In this study, findings from the original articles indicated that pediatric patients who do not adhere to the medical regimen may have a higher risk of post-liver transplantation rejection, graft loss and death than those who show better adherence to the medical regimen post-liver transplantation. Intervention with respect to the risk factors may improve medical regimen adherence and decrease adverse events. Shemesh et al25 reported that with intervention, the nonadherence rate declined in 2003 and the rate of adverse events reduces compared with that observed without intervention in 1999 and 2000. However, such intervention reports are limited. We suggest that future studies or clinical practice should focus more on the effects of intervention in pediatric patients and their parents during and after pediatric liver transplantation. We found that although studies have mainly focused on medical regimen nonadherence, only a small group of studies researched risk factors associated with non-adherence to medical regimen in pediatric liver transplantation. Thus, we suggest that more study can make efforts to investigate the risk factors toward pediatric nonadherence after liver transplantation.
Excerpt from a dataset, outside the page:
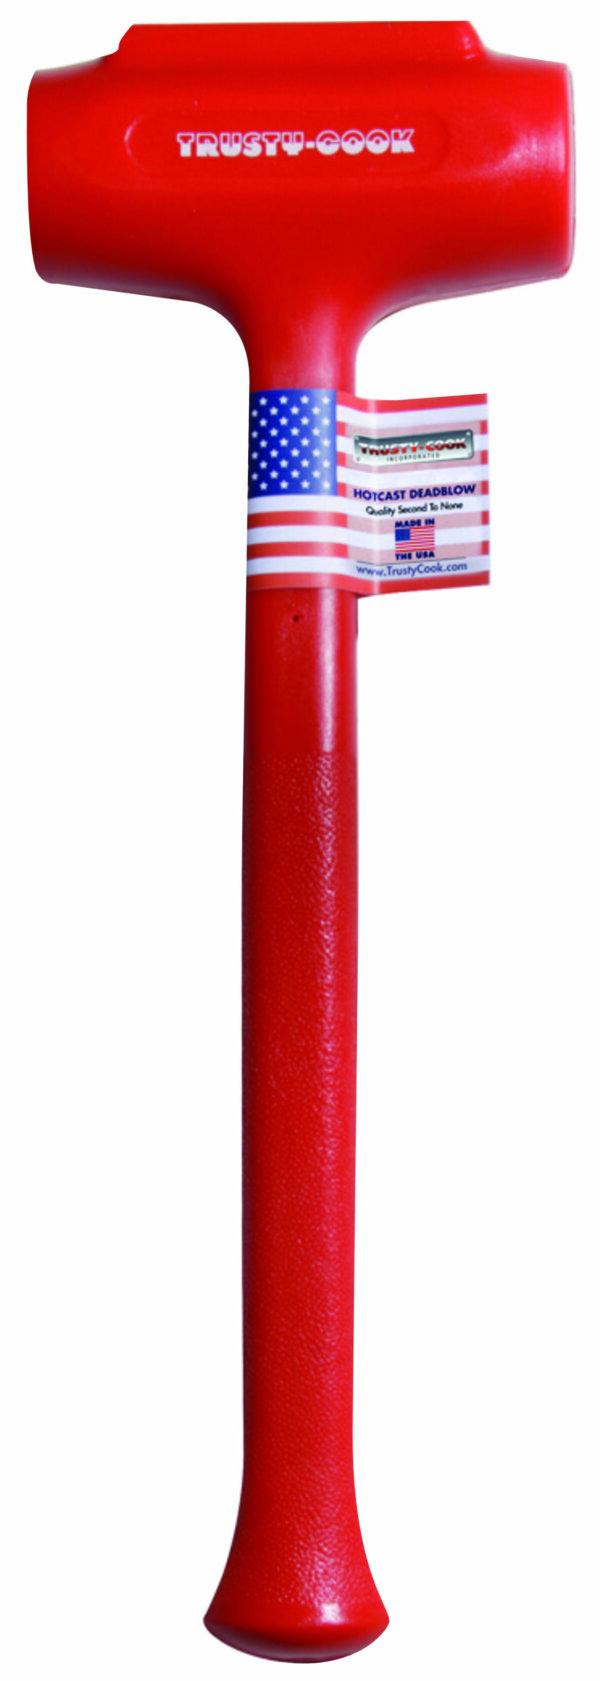 88 oz. Soft Face Polyurethane Dead Blow Sledge Hammer

Our study has several advantages and shortfalls. We quantificationally combined the nonadherence of pediatric patients’ nonadherence after liver transplant and qualitatively described the risk factors of this scope through which we provided significant suggestions for clinical practice and research. However, the shortcomings of our study are that we did not regroup data of nonadherence assessment methods because of the limited information from original articles and we did not perform correlation analysis of risk factors and side effects to produce qualitative results of the assessment on how risk factors influence pediatric with liver transplantation. In addition, regarding the risk factors of nonadherence of pediatric post-liver transplantation patients, we can suggest important risk factors but we cannot identify them all.

Conclusion

The nonadherence rate post-liver transplantation in pediatric patients is high. Therefore, intervention based on risk factors for medical regimen nonadherence, such as mental health and family function, is necessary. In addition, a standard assessment of pediatric medical regimen nonadherence including as many dimensions as possible is required in order to be more objective and comprehensive when assessing nonadherence to medical regimen in pediatric liver transplantation.

Availability of data and material

All data used for analysis during the current study are displayed in Table 1.

Ethics approval

Ethical approval was given by the Ethics Committee of Tianjin First Center Hospital, Tianjin, China.